The final chapter reveals which guy she eventually wound up with by way of revealing others' reactions to her as his girlfriend rather than anything Charlotte herself feels about it. These are not two people who got together because they loved each other, it's two people who like what the other person does for them. Charlotte winds up becoming everything she seemed to hate at the beginning of the book, and she completely loses her identity by getting it caught up in her role to her new boyfriend. It forces the moral to be "popularity is the most important thing" rather than "to thine own self be true." In a way, it's true, I guess (especially when you're 18) but I wish more books would at least pretend it wasn't. At the end of Prep, I felt like Lee got her footing and found herself and realized that there was life beyond teenagerhood. The lesson Charlotte learns is that the right boyfriend will make her popular.

To say nothing for the fact that all three of the men in her life - the dumb jock who yearns to be seen as something other than a dumb jock, the nerdy brainy kid who insinuates himself into the girl's good graces by becoming her best friend, and the incipient alcoholic frat boy who craves only popularity and notches in his bedpost - are fairly one-dimensional. Charlotte herself is only slightly more complicated. Thing is, there are plenty of athletes who get good grades, there are plenty of nerdy brainy kids who treat women like shit, and there are plenty of frat boys who do actually see women as people and not merely as objects. Tom Wolfe does a disservice to anybody who's ever been a jock, a nerd, OR a frat boy in these three characters.

Personally, if I'd been writing the book, aside from trimming at least 100 pages, I'd have had Charlotte's eventual relationship mean something to only her, and possibly the boy she winds up with. I'd show them.
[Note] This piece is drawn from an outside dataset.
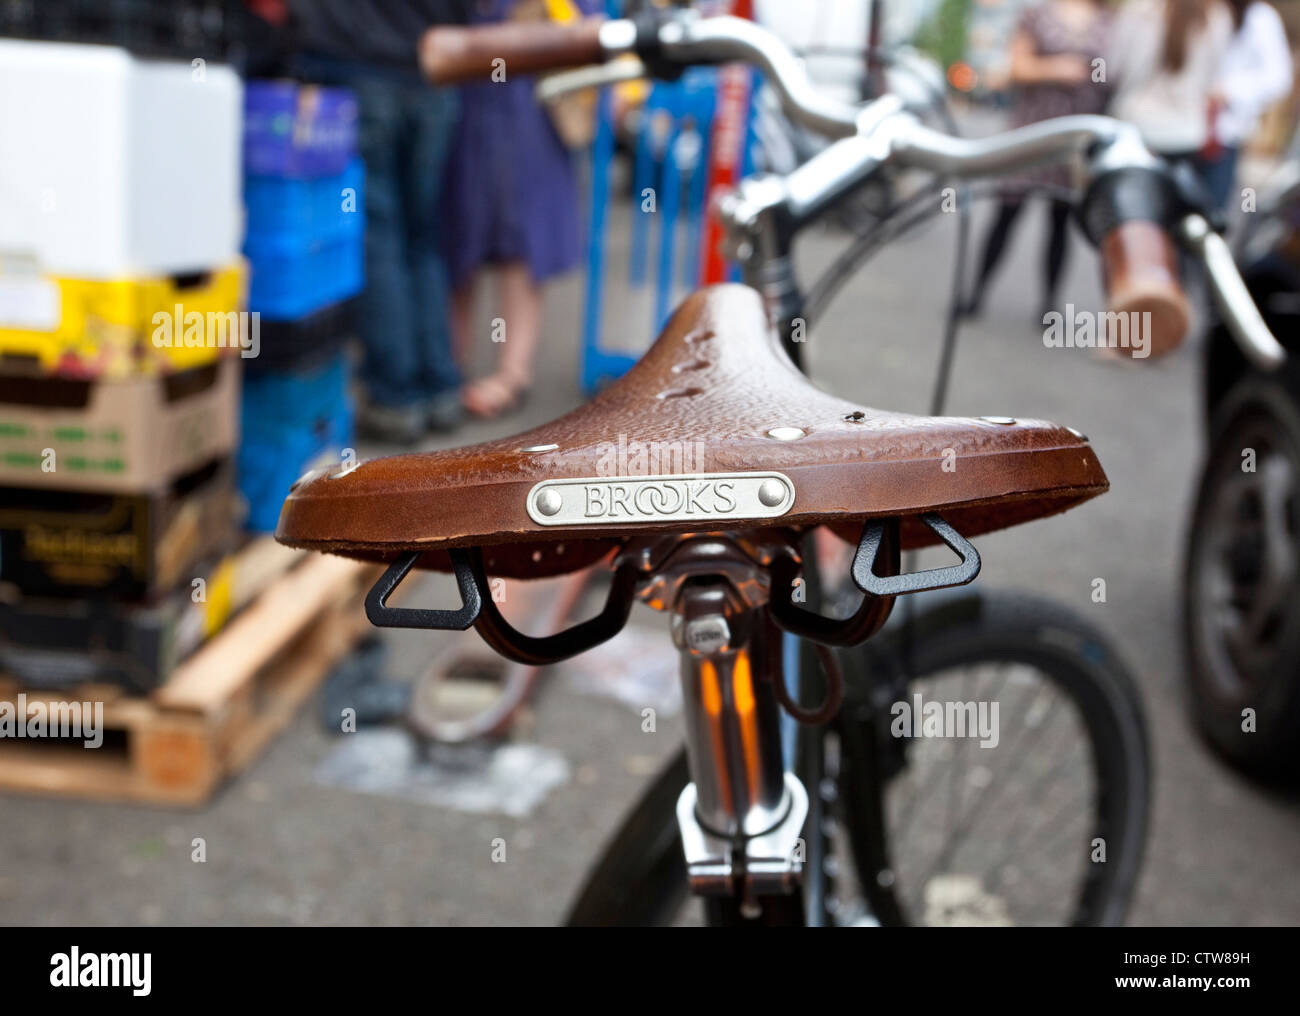 Brooks bicycle saddle, London, England, UK Stock Photo
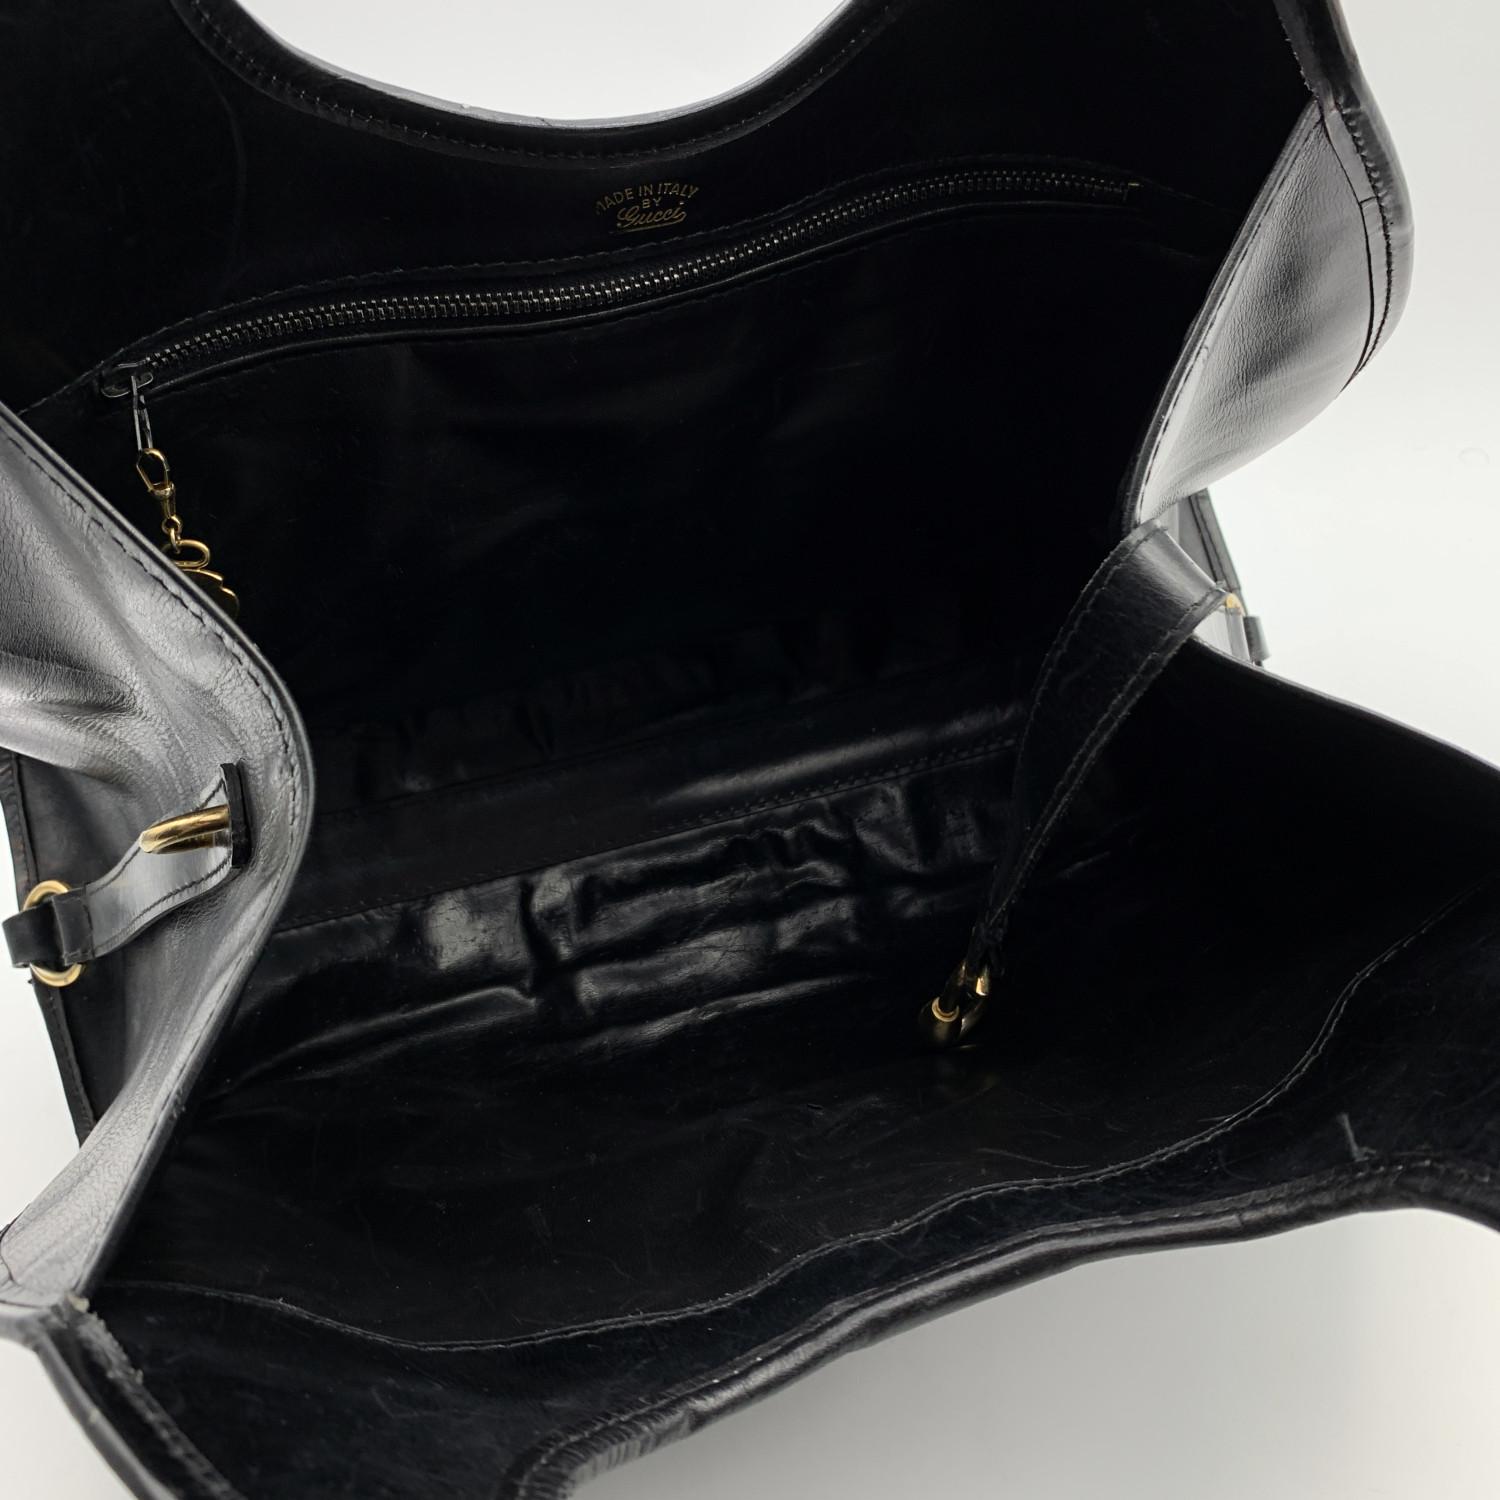 Magnifique sac hobo 'Stirrup' de Gucci, réalisé en cuir noir. Matériel en métal doré. La sangle se replie et se ferme à l'aide d'un bouton. Détails de l'éperon sur le devant et sur les poignées. Intérieur en cuir avec une poche latérale zippée.

I'd give them the chance to fall in love, and let the reader wonder what the campus thought of it, because it really wouldn't matter, ultimately.

Granted, in my own life, it took me about ten years of dating to get to the point where I was only minimally self-conscious about how my relationships mattered in the context of my public image. But if you were writing MY story, rather than Charlotte's, you'd have to go inside my head to do it, because how my love life reflects on my popularity is finally, blessedly, a complete nonfactor. (Ironically, my boyfriend was in a frat.)